■ **Exercise directions**
Pictures aside, write out the data exactly as it reads.

**** Data shown

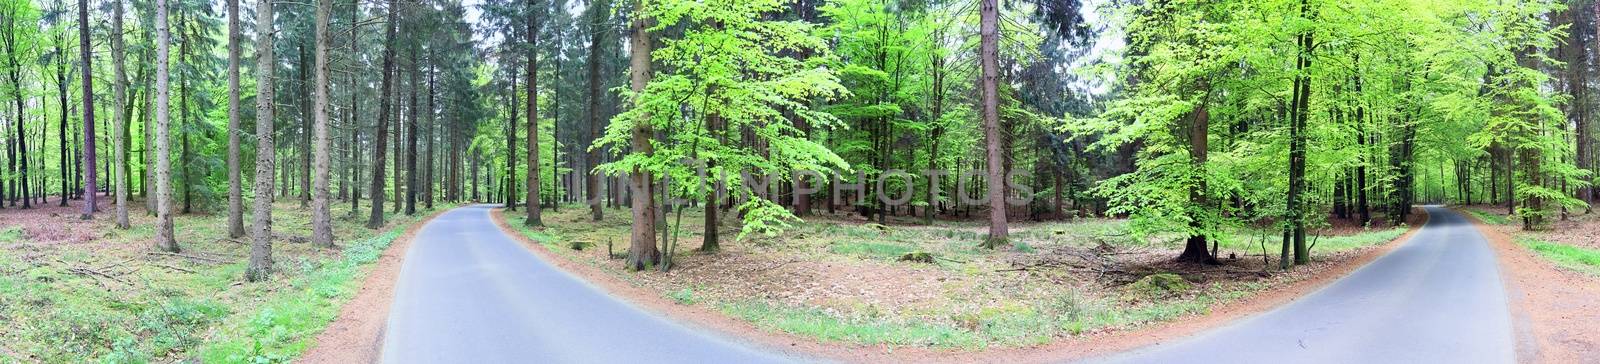 Beautiful view into a dense green forest with bright sunlight ca by MP_foto71
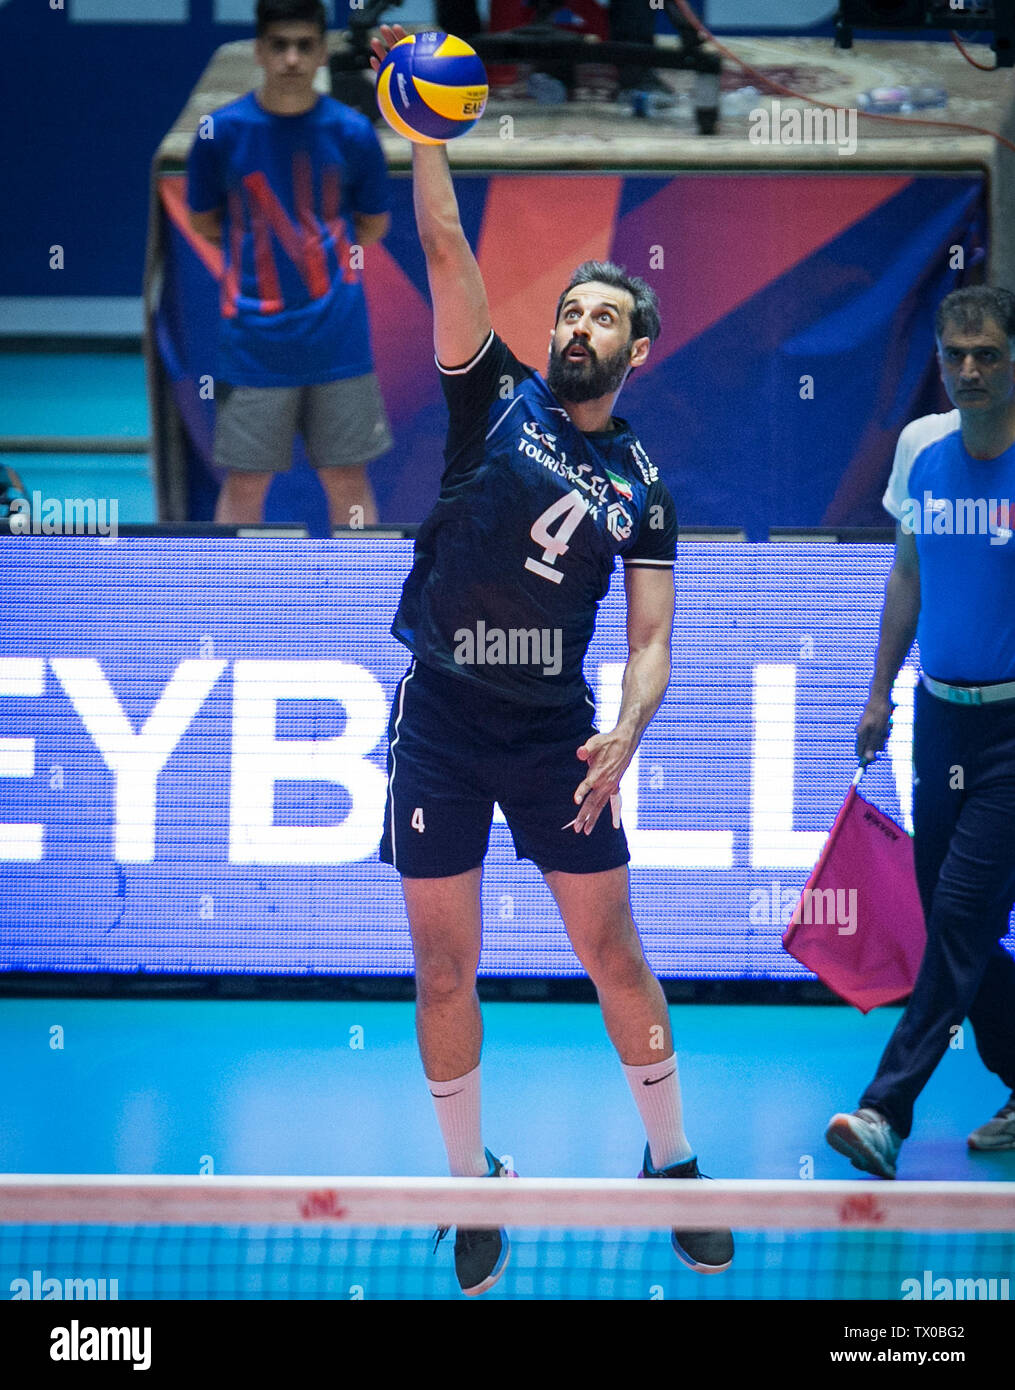 Ardabil, Iran. 23rd June, 2019. Mir Saeid Marouflakrani of Iran spikes the  ball during the FIVB Volleyball Nations League match between Iran and  France in Ardabil, Iran, June 23, 2019. France won
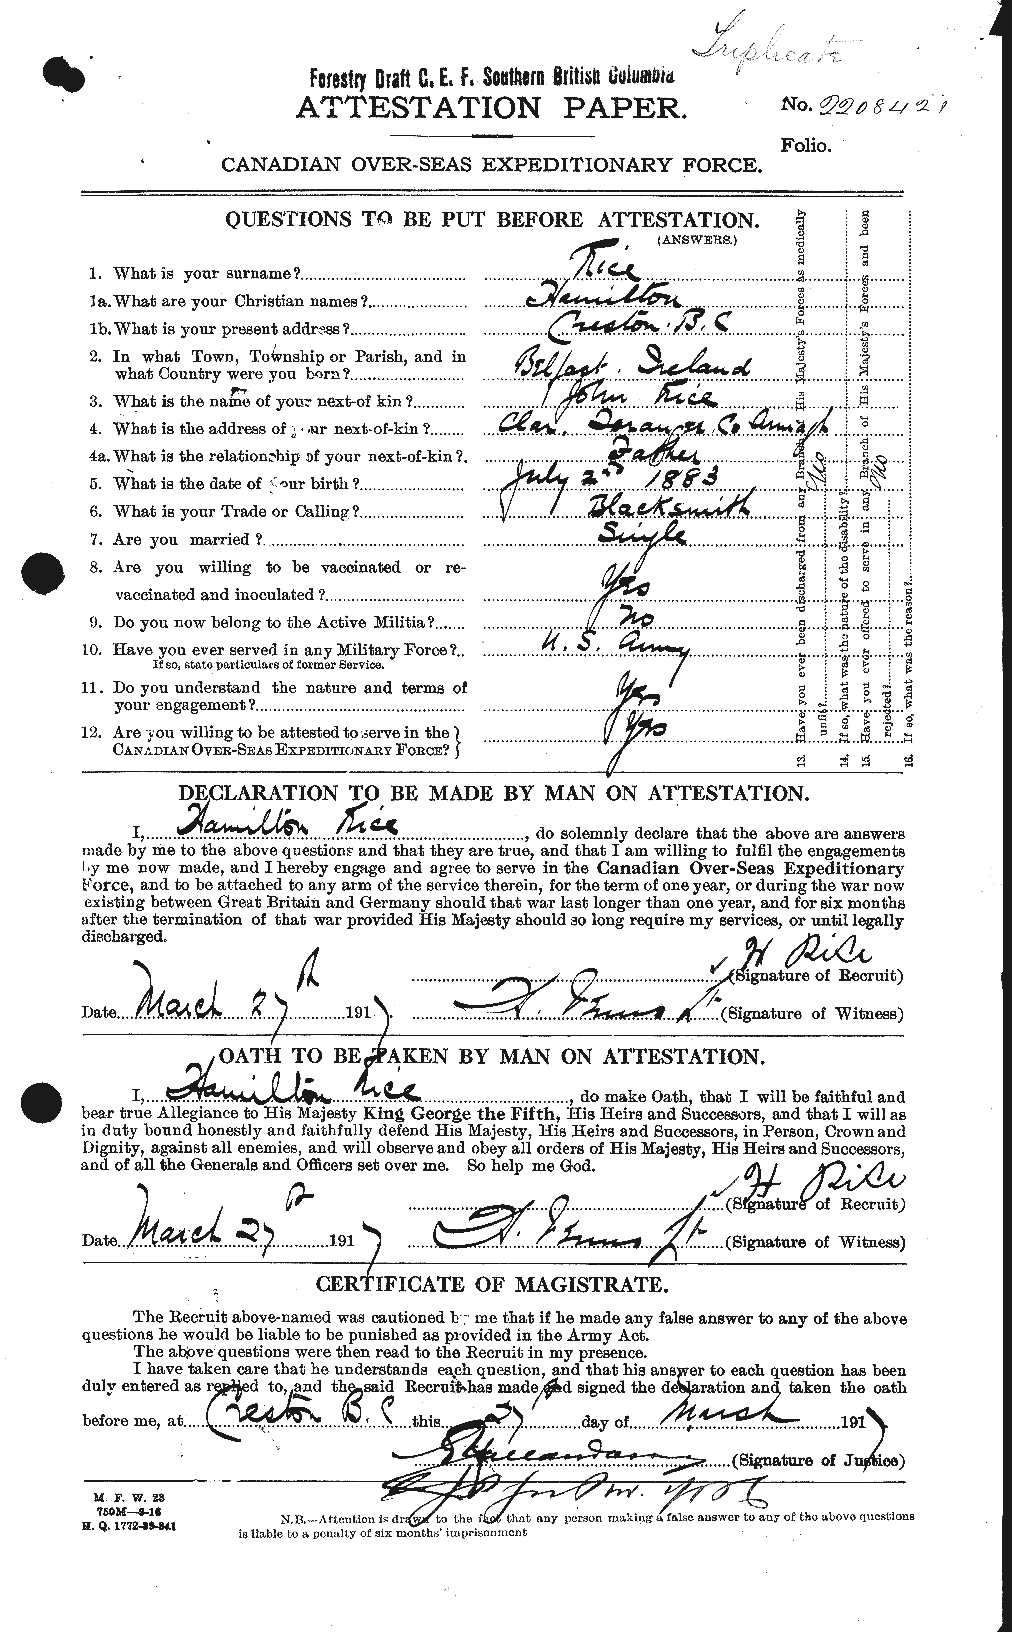 Personnel Records of the First World War - CEF 600353a

********

■ **Completed exercise**
 Beautiful view into a dense green forest with bright sunlight ca by MP_foto71
 Ardabil, Iran. 23rd June, 2019. Mir Saeid Marouflakrani of Iran spikes the  ball during the FIVB Volleyball Nations League match between Iran and  France in Ardabil, Iran, June 23, 2019. France won
 Personnel Records of the First World War - CEF 600353a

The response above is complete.